A highly contiguous de novo genome assembly was constructed based on Illumina short read data from paired end and in vitro proximity-ligation Chicago library. The new assembly exhibits improved scaffold lengths over the AllPaths-LG assembly (Green et al. 2014) and better assembly of genes and assessments of genome space occupancy when compared with the Rice et al. (2017) assembly. We identified 23,242 genes with 96% of those genes possessing a functional domain and 7,155 unique genes were associated with one or more GO terms, also an improvement relative to the AllPaths-LG and Ragout assemblies. We identified 1,211 tRNA and 155 previously characterized microsatellites mapped uniquely to a single location in the genome, whereas 93 microsatellites mapped to multiple genomic locations. Multiple selection tests showed genes in both C. porosus and A. mississippiensis under potential positive selection. The enrichment of genes in certain cellular and metabolic pathways such as potassium channel pore domain protein and peroxisomal membrane proteins makes sense due to the natural habitat of C. porosus and their adaptations to the saline environment. Additionally, the rapid directional evolution of heat shock proteins in A. mississippiensis is consistent when considering the higher cold tolerance of alligators relative to crocodiles and all other crocodilians. It might be noted here that the potentially high number of orthologous genes under positive selection when analyzed through the site model (387) could be partially due to the very low number of species used for the analysis.

With no other highly contiguous crocodilian genome assembly at our disposal, we could only use the A. mississippiensis assembly (the gharial assembly being of very low quality, was left out) along with two outgroups for the phylogenetic analyses.
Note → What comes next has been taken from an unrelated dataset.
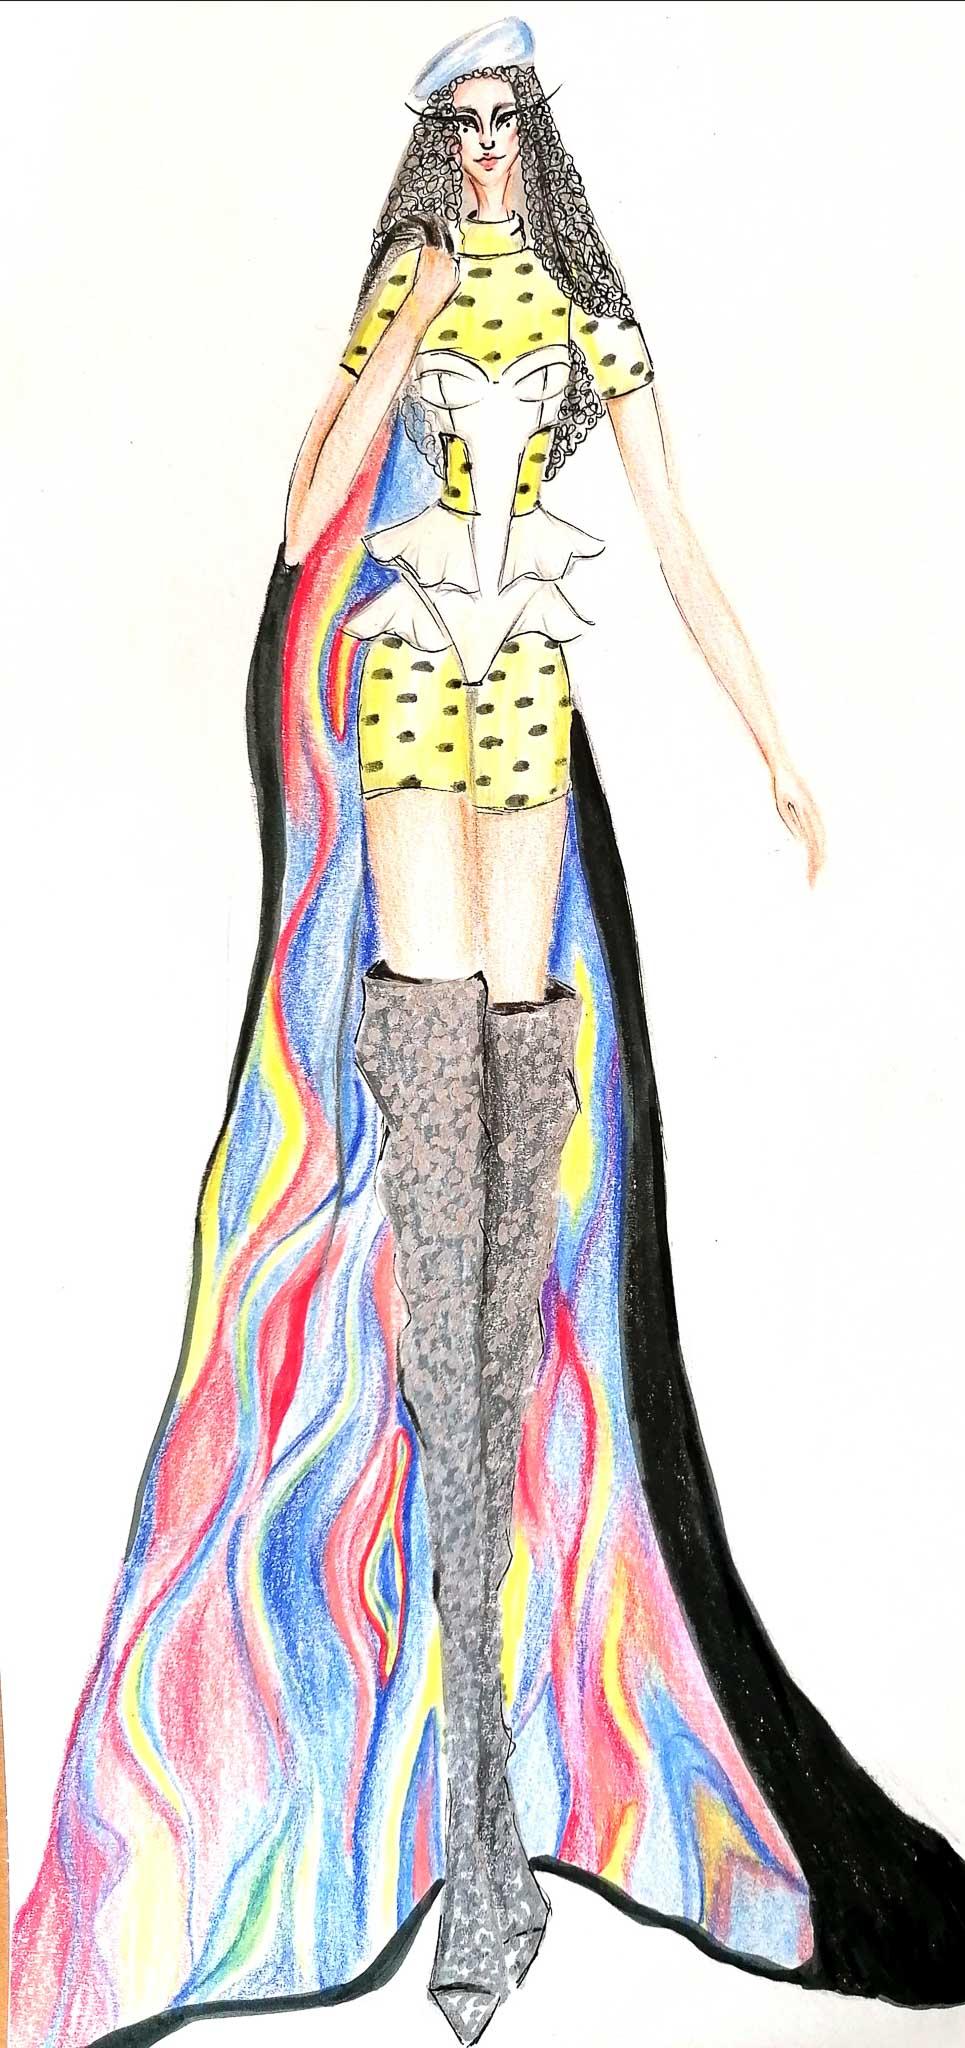 Xenophilia: Chiara Herzog, Germany, Student, Modefachschule Sigmaringen (Create your Revolution)

It is our hope that as more well-annotated genomes of other crocodilians are generated, subsequent phylogenetic analyses will be more comprehensive. Finally, with a highly contiguous and well-annotated genome assembly of C. porosus, a number of fields may benefit. The genome may serve as a resource for mapping comparative phylogenetic traits in sister crocodilians as well as defining novel phylogenetic relationships of birds. The newly annotated C. porosus genome assembly, Cpor_3.0, can also provide a robust platform for investigations in osmoregulatory research, functional morphology, as well as sex determination studies.

Supplementary Material

Supplementary data are available at Genome Biology and Evolution online.

Supplementary Material

evz269_Supplementary_Data

Acknowledgments

This work was supported by the National Science Foundation (MCB-0841821, DEB-1020865, and DEB-1838283 to D.A.R.) and Rural Industries Research and Development Corporation (PRJ-005355 and PRJ-002461 to S.I. and J.G.). A University of Sydney Bridging Support grant to J.G. also supported the project. We thank the staff of Dovetail Genomics for help in preparing and processing the Chicago library and HiRise assemblies. Nedda F. Saremi’s (UCSC) assistance with data deposition is very much appreciated. The High Performance Computing Center at Texas Tech University and the Georgia Advanced Computing Resource Center at the University of Georgia provided computational infrastructure and technical support throughout the work. Additional support was provided by the College of Arts and Sciences at Texas Tech University.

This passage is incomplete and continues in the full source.